Teras Berita (Lead)

Dalam struktur sebuah berita ada bagian yang disebut lead atau teras berita. Lead adalah paragraf pertama dalam berita yang mengandung gambaran umum suatu berita.

Teras Berita dalam sebuah berita menjadi sangat penting karena akan menggambarkan keseluruhan berita dan menjadi daya tarik berita agar diminati khalayak. Abdul Chaer (2010:127) menyebutkan bahwa lead yang fungsinya sama dengan intro dalam musik disebut juga teaser, penggoda, karena pada hakekatnya bagian awal dari tulisan tak ubahnya sebagai penggoda agar pembaca tertarik untuk membacanya terus.

Teras Berita yang ideal adalah yang menggandung unsur 5W + 1 H. Unsur 5 W + 1 H yang dimaksud adalah What (Apa), Who (Siapa), Why (Kenapa), When (Kapan), Where (Dimana) dan How (Bagaimana). Namun tidak ada urutan rumus yang pasti dalam menempatkan mana yang harus lebih dulu ditulis.

Teras berita yang idal bukan berarti harus selalu diikuti. Dalam beberapa media massa memiliki toleransi dan aturan tersendiri  terhadap teras berita. Namun yang terpenting teras berita tetap mencerminkan keseluruhan isi berita dan menarik pembaca untuk membaca berita tersebut.

Dalam memudahkan seorang wartawan untuk membuat teras berita, Melvin Mincher  merumuskan apa yang harus dilakukan wartawan dalam membuat sebuah lead.

Pertama seorang wartawan haruslah menanyakan kepada dirinya sendiri tentang fakta-dakta yang ditemukan di lapangan. Pertanyaan yang harus ditanyakan adalah:

  1. Apa yang unik, atau paling penting atau tidak biasa dari sebuah kejadian?
  2. Siapa yang terlibat – siapa yang melakukan atau siapa yang memberikan penjelasan?
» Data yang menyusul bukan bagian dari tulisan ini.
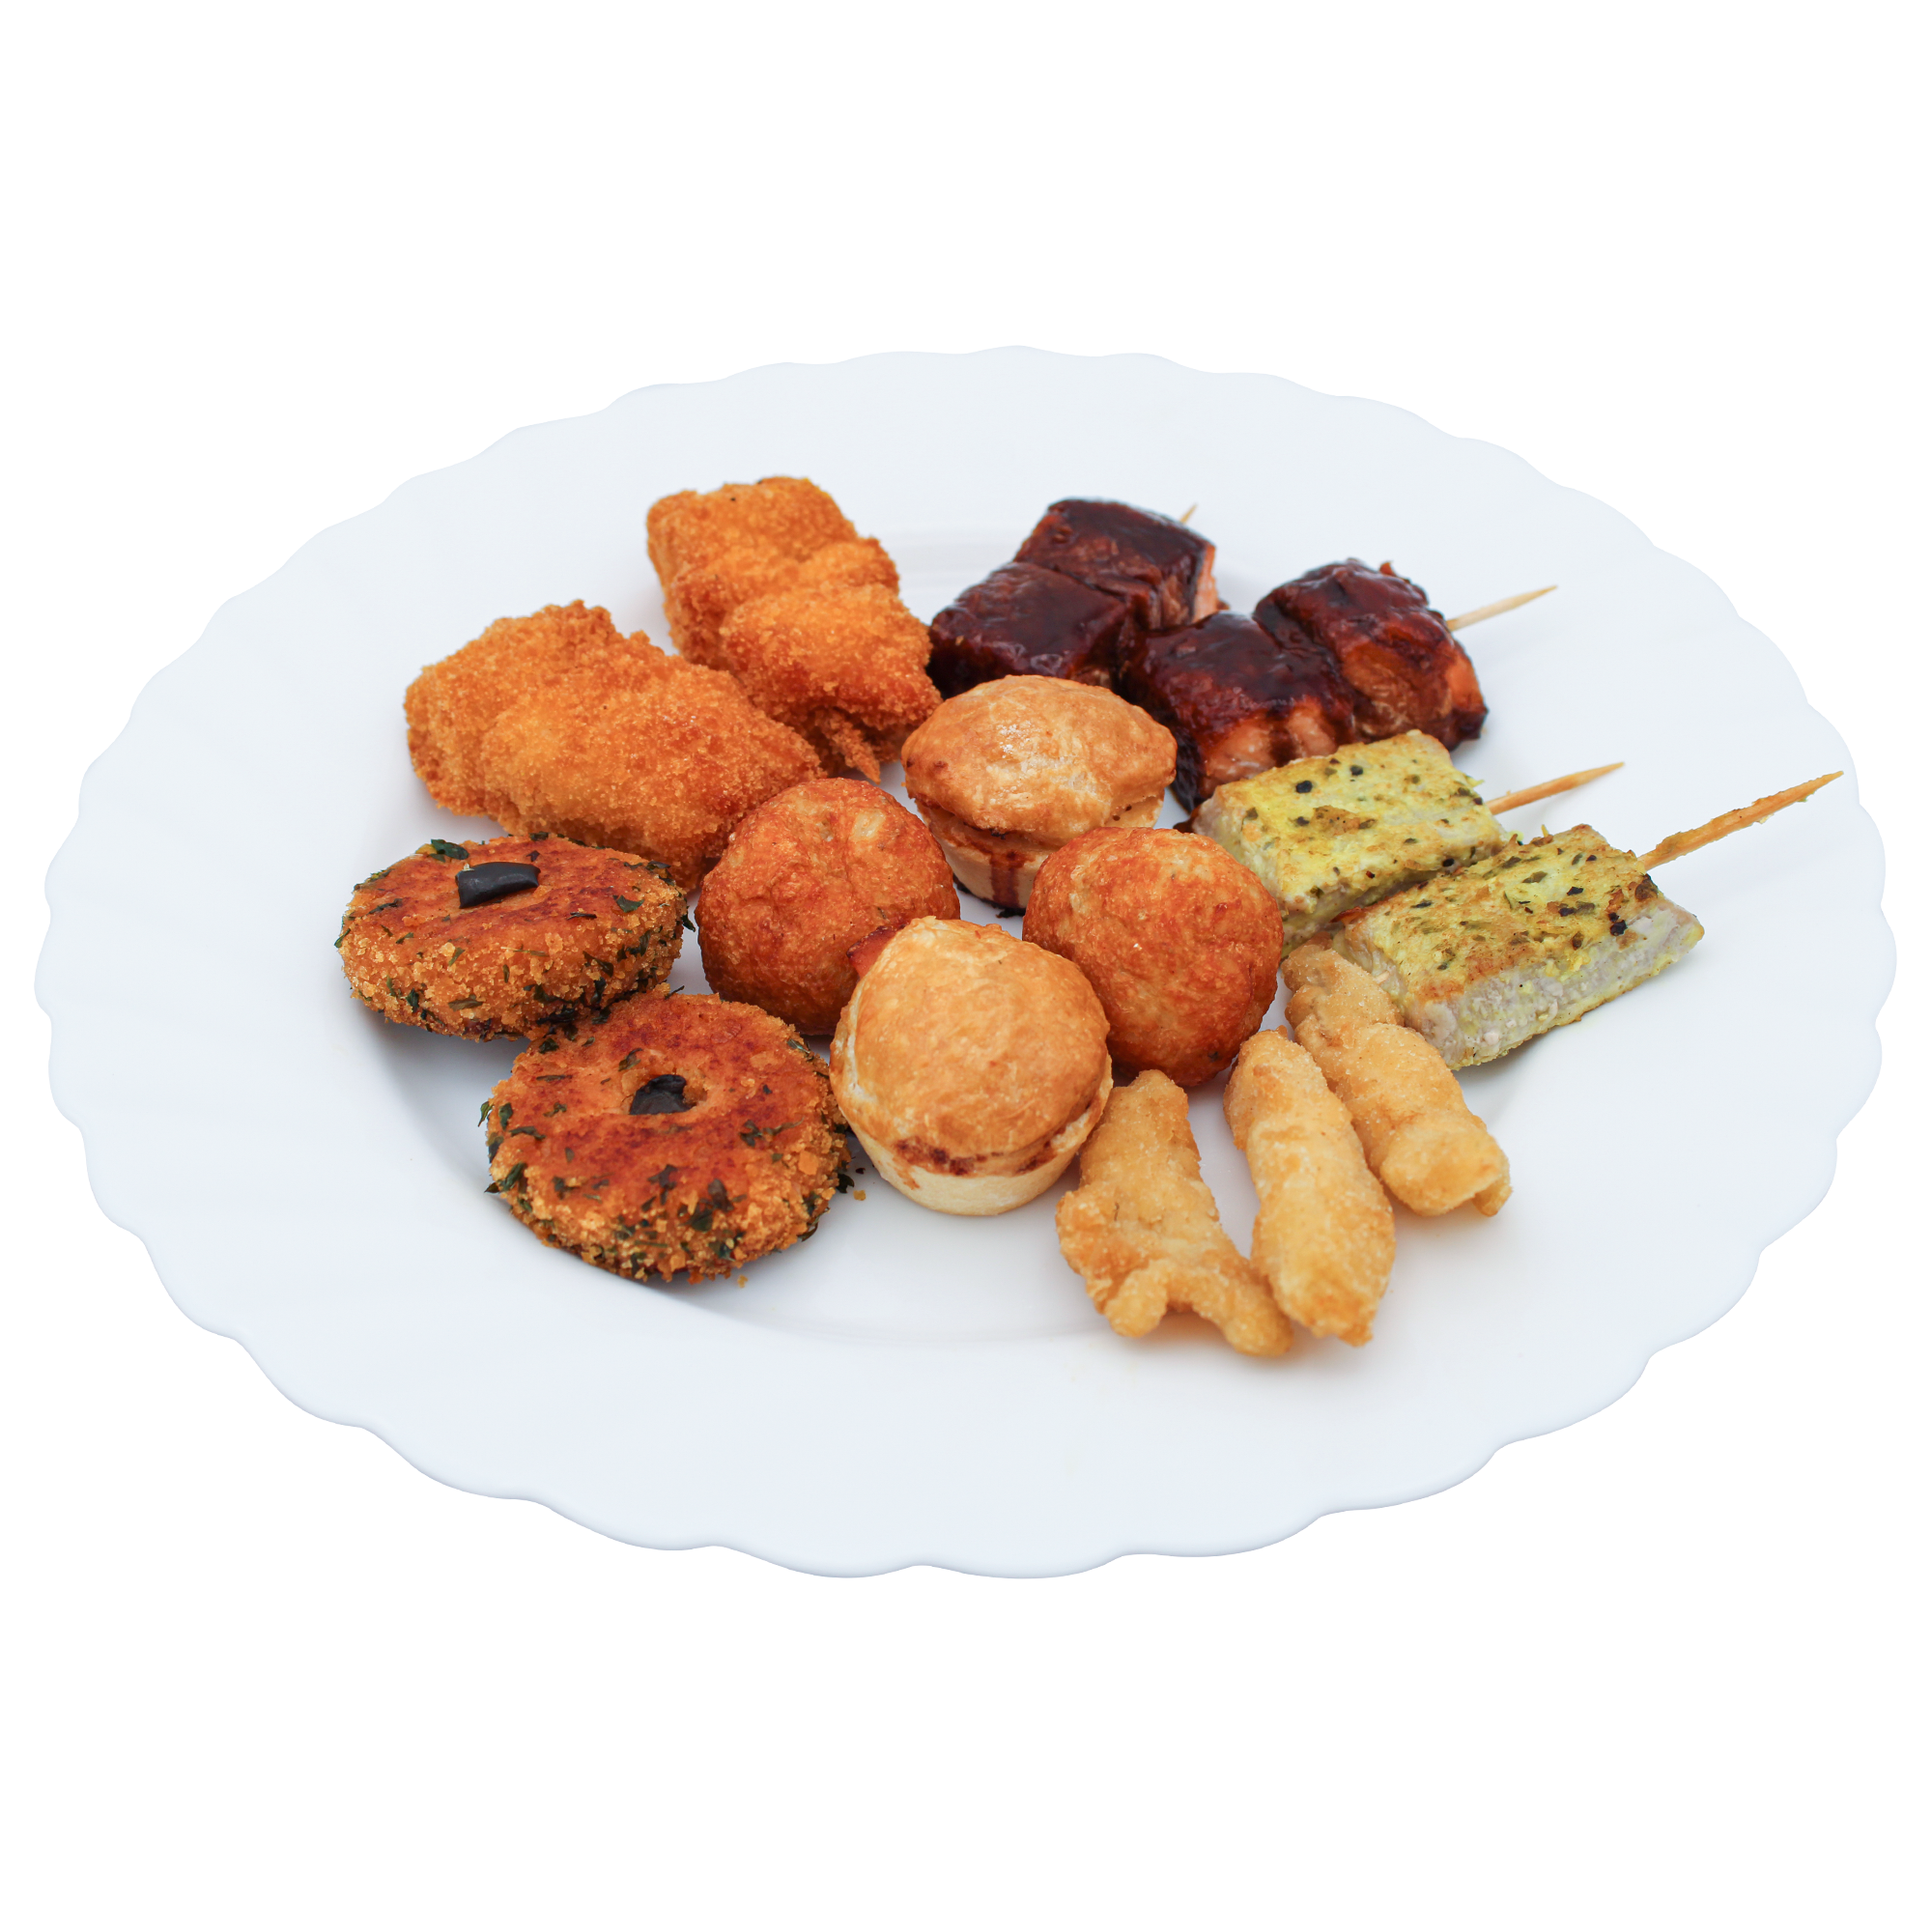 Cold Canapés to include chef's choice of Assorted Vegetarian options - 8 pcs (China)

Setelah berhasil menjawab dua pertanyaan diatas maka seorang wartawan harus menjawab pertanyaan untuk membentuk sebuah lead:

  1. Lead jenis apa yang lebih tepat dipakai
  2. Gaya bahasa seperti apa yang akan dipakai di dalam lead
  3. Apa yang lebih membuat pembaca tertarik untuk ditempatkan diawal.

Pertanyaan diatas mungkin terlihat mudah, tetapi dalam kenyataannya masih membuat wartawan terutama wartawan pemula kesulitan. Akibatnya teras berita menjadi tidak fokus dan tidak menggambarkan keseluruhan isi dari berita tersebut.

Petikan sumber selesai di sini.